How long do you think ? 



I also wanted to add my Nefew (Still hoping it's going to pop out a girl though ) will be born in about a month/a month and a half.


----------



## Luvmyzoocrew (Nov 7, 2008)

*Brandy456 wrote: *


> How long do you think ?




i could go today or hold out until my due date,lol. With my cervix making changes though it is a good sign that at least something is starting, and i am hoping that since this is my fourth that it wont be long.If i dont go i will be induced on the 21st so regardless i only have two weeks to go at the most.


----------



## NetherlandDwarf (Nov 7, 2008)

Good Luck!!! 

Question: Does delivery get easier after the first baby? This is my second pregnancy, and I was really scared to have another baby, I had a lot of comlications with my first pregnancy. That's one of the reasons I waited so long... By the time baby is born there is going to be a 9 year difference between the siblings.

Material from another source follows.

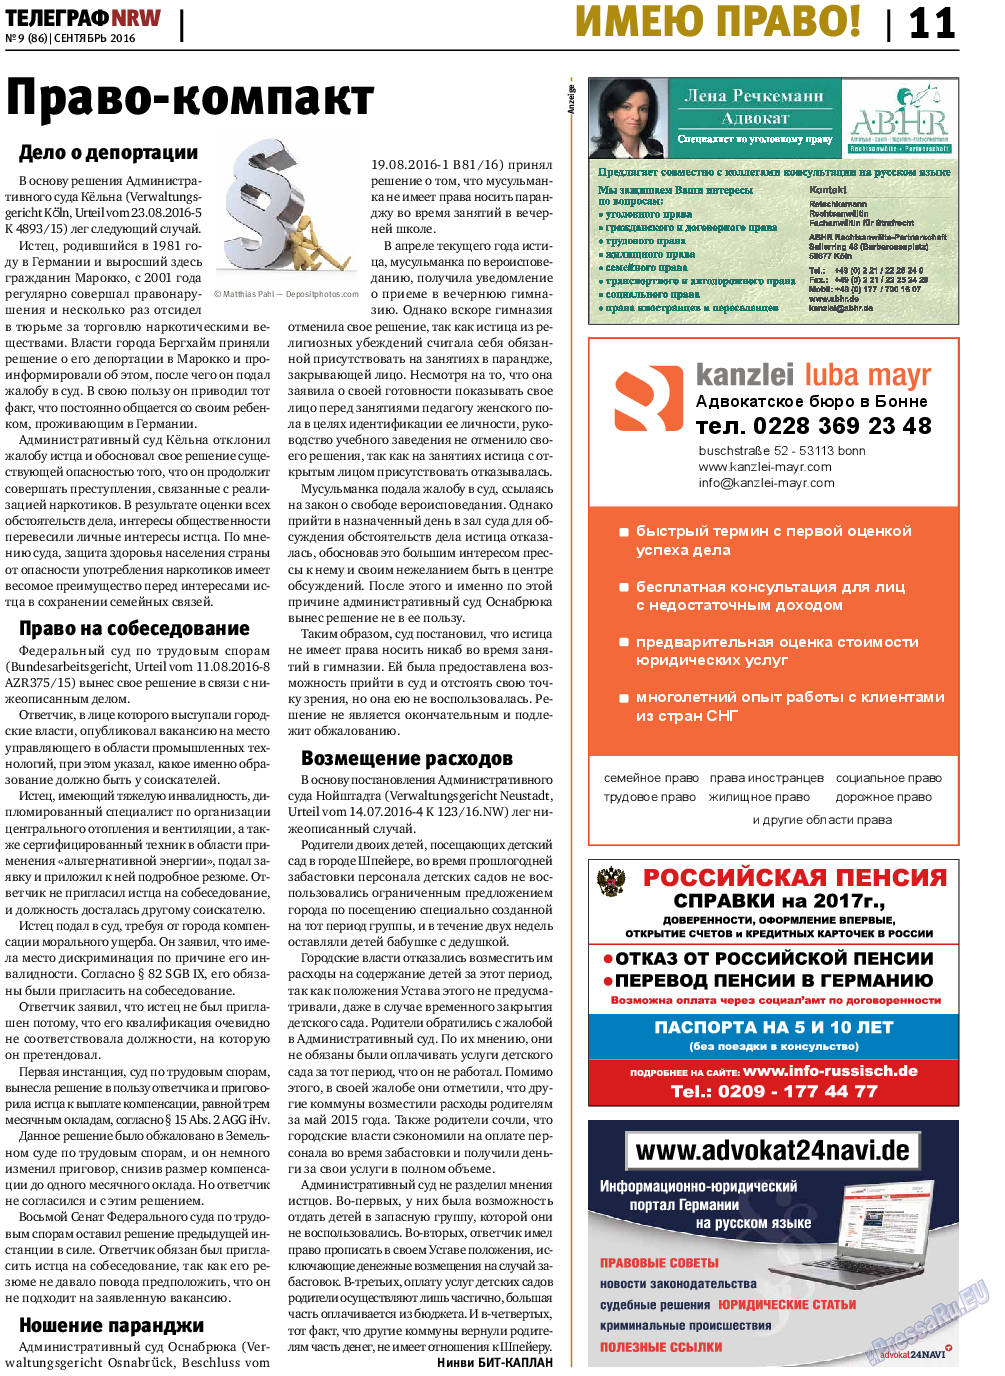 Телеграф NRW, газета. 2016 №9 стр.11

All advice greatly appreciated!


----------



## Luvmyzoocrew (Nov 7, 2008)

*NetherlandDwarf wrote: *


> Good Luck!!!
> 
> Question: Does delivery get easier after the first baby? This is my second pregnancy, and I was really scared to have another baby, I had a lot of comlications with my first pregnancy. That's one of the reasons I waited so long... By the time baby is born there is going to be a 9 year difference between the siblings.
> 
> All advice greatly appreciated!





Well with a 9 year difference it will be like delivering the first time again, not meaning that it is going to be horrible but your possibility of going late and things like that are higher. But then again your body has already been there done that so it does know what to do this time around, KWIM? There is a five year difference between my first and second and i went late with both of them. All of my labors and pregnancies have been really different, which is crazy because t his is number four and it is so different then the other t hree, i will have to let you know how different labor or recovery are this time,lol


----------



## NetherlandDwarf (Nov 7, 2008)

Yes please do, I hope you have an easy time delivering!!


----------



## Brandy456 (Nov 7, 2008)

Nice, do you have someone from RO to call when you are going into labour so they can post ?


----------



## JadeIcing (Nov 7, 2008)

*Brandy456 wrote: *


> Nice, do you have someone from RO to call when you are going into labour so they can post ?



Yes me! :biggrin2:


----------



## Brandy456 (Nov 7, 2008)

Lol, the proud messanger.


----------



## Becca (Nov 7, 2008)

*JadeIcing wrote: *


> *Brandy456 wrote: *
> 
> 
> > Nice, do you have someone from RO to call when you are going into labour so they can post ?
> ...


Awwh, I'm so excited for you!


----------



## Luvmyzoocrew (Nov 7, 2008)

YEs i will text ya with the information!!!!!!!!!!!!!!!!!!!!


----------



## Brandy456 (Nov 7, 2008)

Your going to text while in labour ? :?


----------



## JadeIcing (Nov 7, 2008)

*Brandy456 wrote: *


> Your going to text while in labour ? :?


Well before and after.


----------



## Luvmyzoocrew (Nov 7, 2008)

*Brandy456 wrote: *


> Your going to text while in labour ? :?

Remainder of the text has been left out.